Камера скользила по нефу вниз, показывая окно за окном, один витраж был ярче и величественней другого, потом она задержалась на вандомском приделе и двинулась дальше. Пока наконец не дошла до старейшего окна большого витража Богоматери, ослепляющего буйным, первозданным великолепием. По плющу пробежал ветерок, два листка упали сквозь голограмму на Элин и Тори и слетели на землю.
Богородица еще миг стояла перед глазами и потом исчезла, свет погас, краски пропали, их смыл бесшумно хлынувший дождь.
Элин зарылась в траву, опустошенная и ленивая, ей не хотелось двигаться. Лежащий рядом Тори, посмеиваясь, шаловливо щекотал ей ребра.

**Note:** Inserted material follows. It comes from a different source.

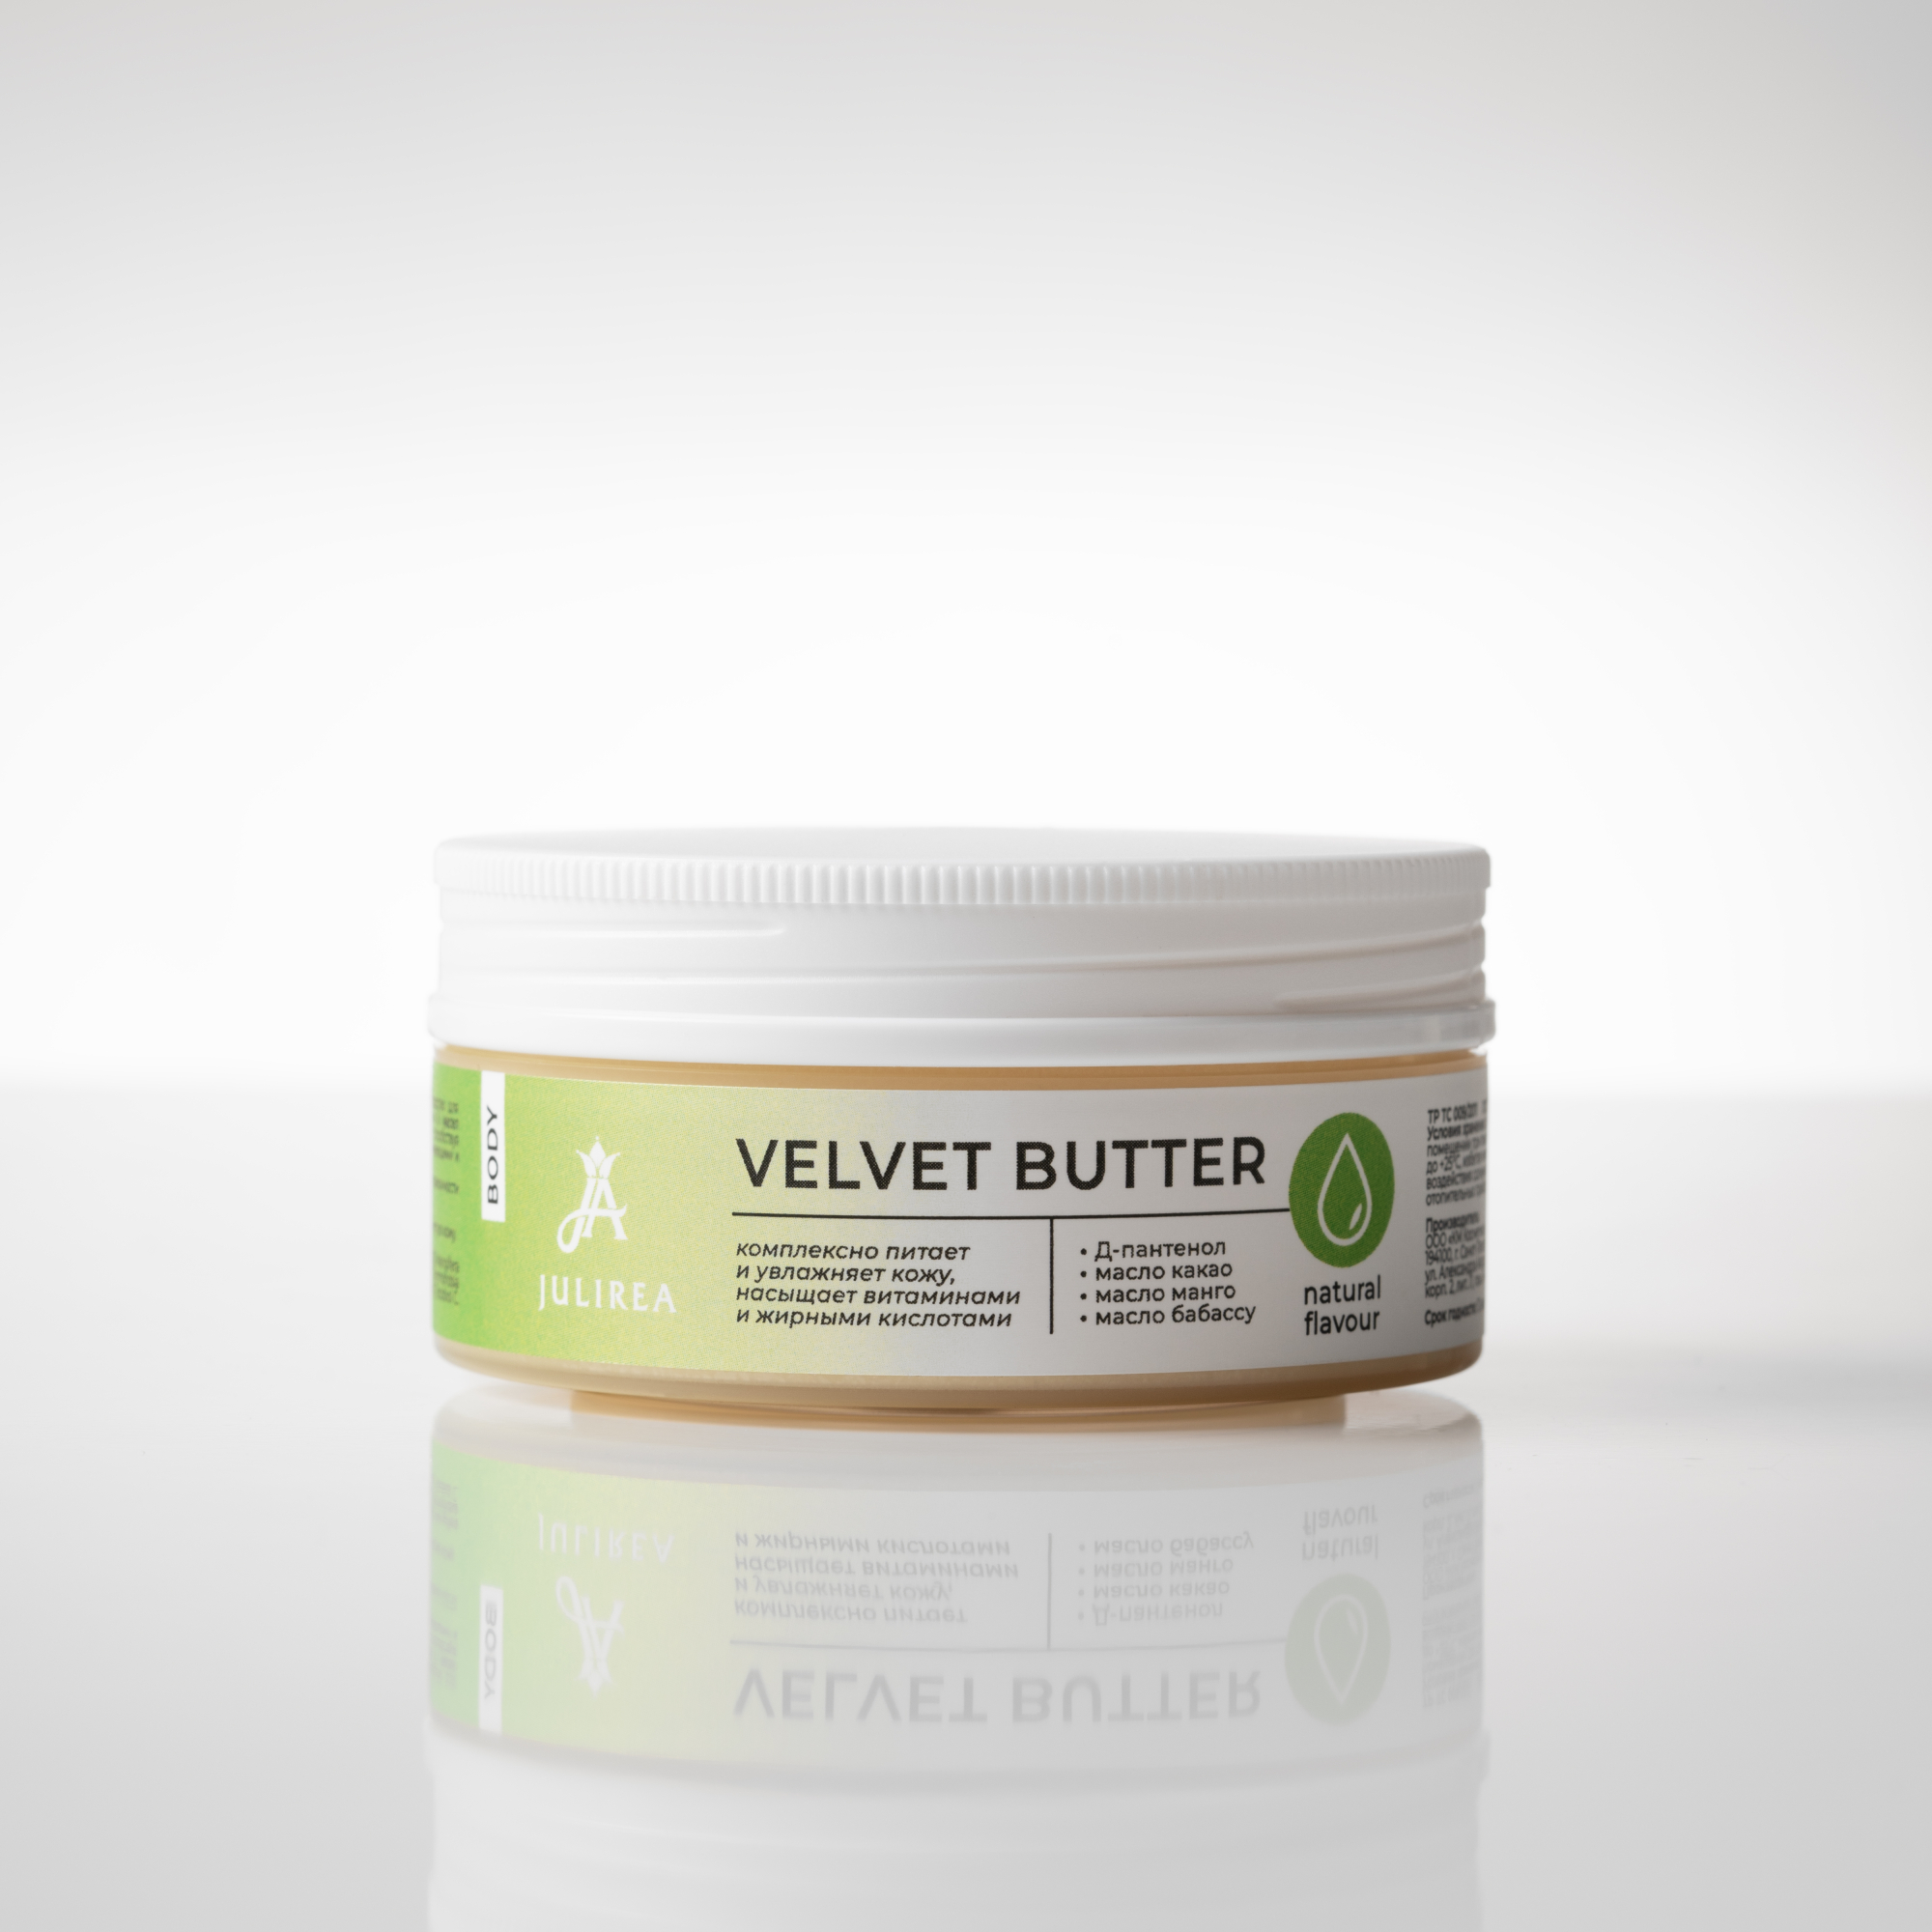 Масло для тела Velvet Butter Julirea, 50 г (натуральный) купить в онлайн экомаркете

- Ты любишь меня? А? Скажи, что ты меня любишь.
- Перестань!
Элин схватила его за руки и укусила куда-то в бок, не укусила - просто слегка ущипнула зубами, чтобы пригрозить, а не сделать больно. Язык коснулся его левого соска.
- Эй, послушай, я легла с тобой через полчаса после того, как мы познакомились. Чего ты еще хочешь?
- Чего я хочу? - Он высвободил руки, повернулся и навис над Элин, прижав ее кисти к траве у нее над головой. - Я хочу, чтобы ты знала, - он вдруг заговорил совершенно серьезно, немигающие глаза ярко блестели, - что я люблю тебя. Люблю без всяких "но", без всяких оговорок. Люблю тебя так, что даже не выразить словами.
- Тори, - сказала Элин. - Для таких чувств требуется время.
Ветер утих. Ни одна травинка не шевелилась.
- Нет, не требуется. - Элин стало неловко смотреть ему в глаза, но она не решалась отвернуться. - Я это чувствую. Я это знаю. Я люблю каждую твою черточку, каждое движение, каждый кусочек твоего тела. Я люблю тебя наперекор времени, назло всем преградам, вопреки возможному. Нам суждено любить друг друга, это уготовано судьбой, и ничто-ничто не может нас разлучить.
Голос его звучал ровно и тихо. Элин не знала, взволновали ее слова Тори или же напугали до смерти.
- Тори, я не знаю...
- Подожди, - проговорил он. - Все еще придет.
Это была долгая ночь. Когда Тори безмятежно уснул, Элин надела комбинезон и вышла.
Она окунулась в мягкую мглу, разреженную сиянием Земли и неярким светом предохранительных фонариков на переходных мостиках сверху. В траве послышался шорох, и чуть не прямо у нее под ногами пробежал занятый ночными поисками еды барсук. Элин побрела дальше.
Необходимо разобраться во множестве вопросов. Скажем, сегодняшний вечер, это неожиданное любовное приключение. Так не похоже на нее, что приходится признать - Элин и в самом деле стала другой, и теперь все будет не так, как прежде.
Она нашла уединенное место подальше от группы домиков, в одном из которых жил Тори, и пристроилась рядом с валуном. Мысли ее вернулись к несчастному случаю. И поскольку это воспоминание отложилось в остаточной памяти, все образы сохранили свежесть и четкость.
Когда это случилось, в Лаборатории-колесе 19-го Орбитального комбината имени Генри Форда близился конец смены. Элин занималась разработкой новых полупроводников.
"Тета" достигла необходимой температуры, - проинформировала приборная доска.
Согласна. - Элин поставила ванну-"эпсилон" в горячую печь и переключила управление. Держа "тету" вплотную к валу колеса, она осторожно смешала два приведенных в жидкое состояние сплава: один легкий, другой тяжелый.
Лаборатория 19 имела форму велосипедного колеса без обода. Из центра плотной ступицы равномерно расходились двадцать четыре длинные тонкие спицы. На разном расстоянии вдоль спиц помещались двадцать три двигающиеся ванны и одна неподвижная операторская кабина. Колесо вращалось достаточно быстро, чтобы создать в кабине постоянную силу тяжести, соответствующую среднему притяжению Земли.